Лидии Павловне пришлось поступиться некоторыми своими представлениями и вкусами. Она придерживалась изысканной офицерской публики, но раздумывать долго не пришлось. Довольно скромный номер дешевой гостиницы, который она занимала, требовали освободить. Муж ничего не мог ей предложить, кроме лагеря русского воинства, в котором он жил. Из ценностей, что они привезли из России, почти ничего не осталось.
— Я не могу здесь оставаться и видеть, как она продает себя! — сказал подъесаул Малогутий. — Представьте — мой идеал продает себя... Понимаете, полковник, до чего мы дошли, до чего мы довели наших дам. Я ей ничего не могу дать, но и видеть ее не могу.
— Этот офицер-турок устроил ее в ресторан «Чершикоку» с условием, что она будет выполнять обязанности агента турецкой полиции, ну и... — полковник выразительно прищелкнул пальцами. — Она ведь немного изъяснялась на турецком языке. Научилась в Ялте, у родственников, где подолгу жила в окружении богатого общества, меняя свои модные туалеты.

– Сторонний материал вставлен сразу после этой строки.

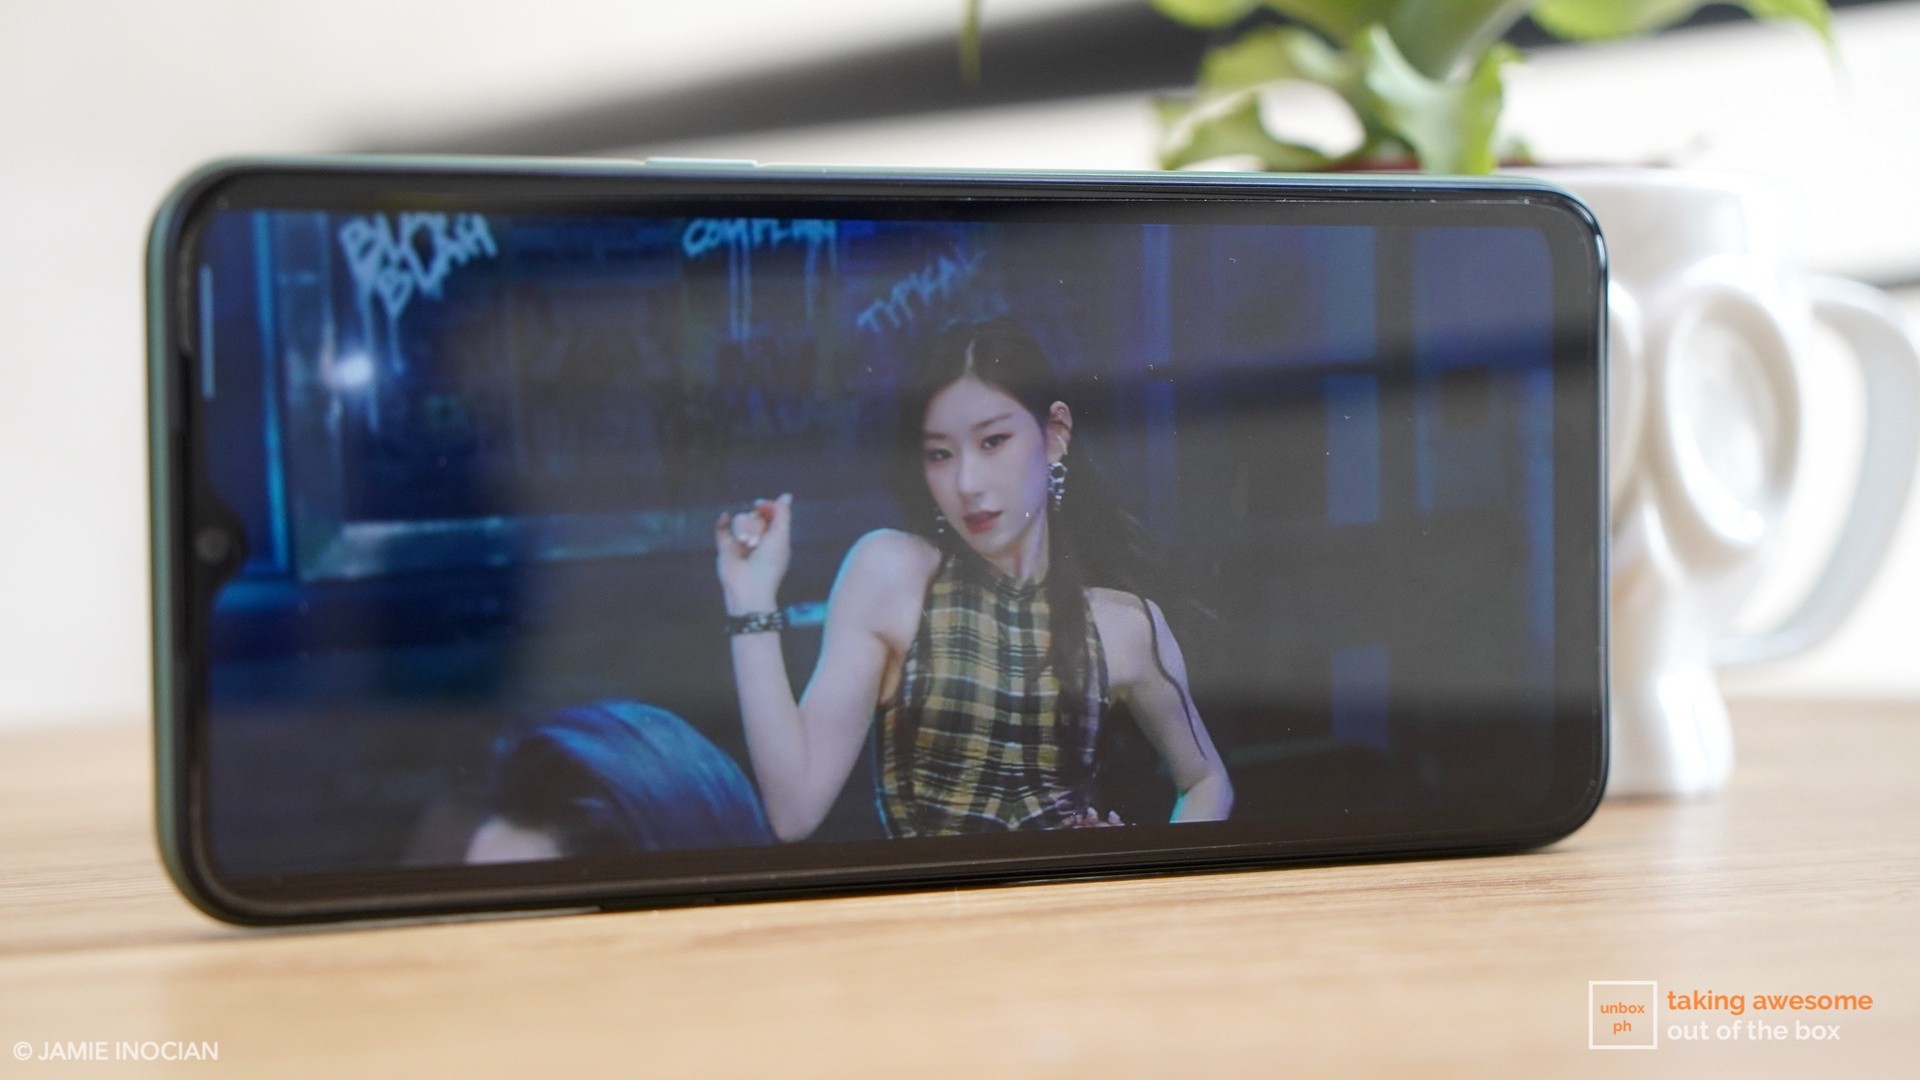 music video played on the realme 6i

— Вы мне скажите, полковник: как же она, сойдясь с турком, продолжает жить с мужем? Он ведь знает о ее связи. Какой же он жалкий, этот дворянин... Это мы с вами довели женщин до такого падения. Турки пользуются этим. Я бы на месте мужа застрелился.
Полковник Лебедев, бывший порученец Врангеля, пил пиво и молчал, окуривая себя прозрачным дымком. Теперь он, умело лавируя между монархистами и казачьими атаманами, старался укрепить свои связи с французской разведкой в Константинополе, так как от нее он получал хотя и небольшие, но реальные деньги. Присматривался к жизни в Константинополе, кое-что знал и делился с Малогутием, предлагая ему держаться теперь подальше от таких «баб», как Лидия Павловна.

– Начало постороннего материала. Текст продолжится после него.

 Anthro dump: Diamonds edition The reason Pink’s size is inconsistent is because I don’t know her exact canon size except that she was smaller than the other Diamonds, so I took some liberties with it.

— Вы мне об этом не говорите. Не хочу слышать. С меня достаточно. Я отправляюсь к зеленым в их берлоги в горах и оттуда буду совершать набеги на большевиков. Я хочу им отомстить за Лидию Павловну, — громким шепотом сказал подвыпивший подъесаул.
— Мстить надо за Россию.
— Господин полковник, извините, но вы ничего не поняли. Лида — это Россия!
— Может быть, может быть, но... — Тут Лебедев, сославшись на слова какого-то эмигранта Гаспринского, сказал Малогутию, что Лидия Павловна активно используется контрразведкой, и не только турками, но и русской колонией в Константинополе.
— Гаспринский все знает, — сказал Малогутий. — Плут он... Турки что? Здесь крепко окопались наши союзники — французы и англичане. Да и немцы на берегах Босфора всегда были, как дома. Вот они, как я понимаю, тоже будут охотиться за русскими.
— Виновата, братец, во всем, что произошло в России, русская литература. Она долго готовила все то, что мы сейчас здесь пожинаем, — после небольшой паузы сказал Лебедев.
— Точнее?.. Я как-то об этом не имел случая подумать.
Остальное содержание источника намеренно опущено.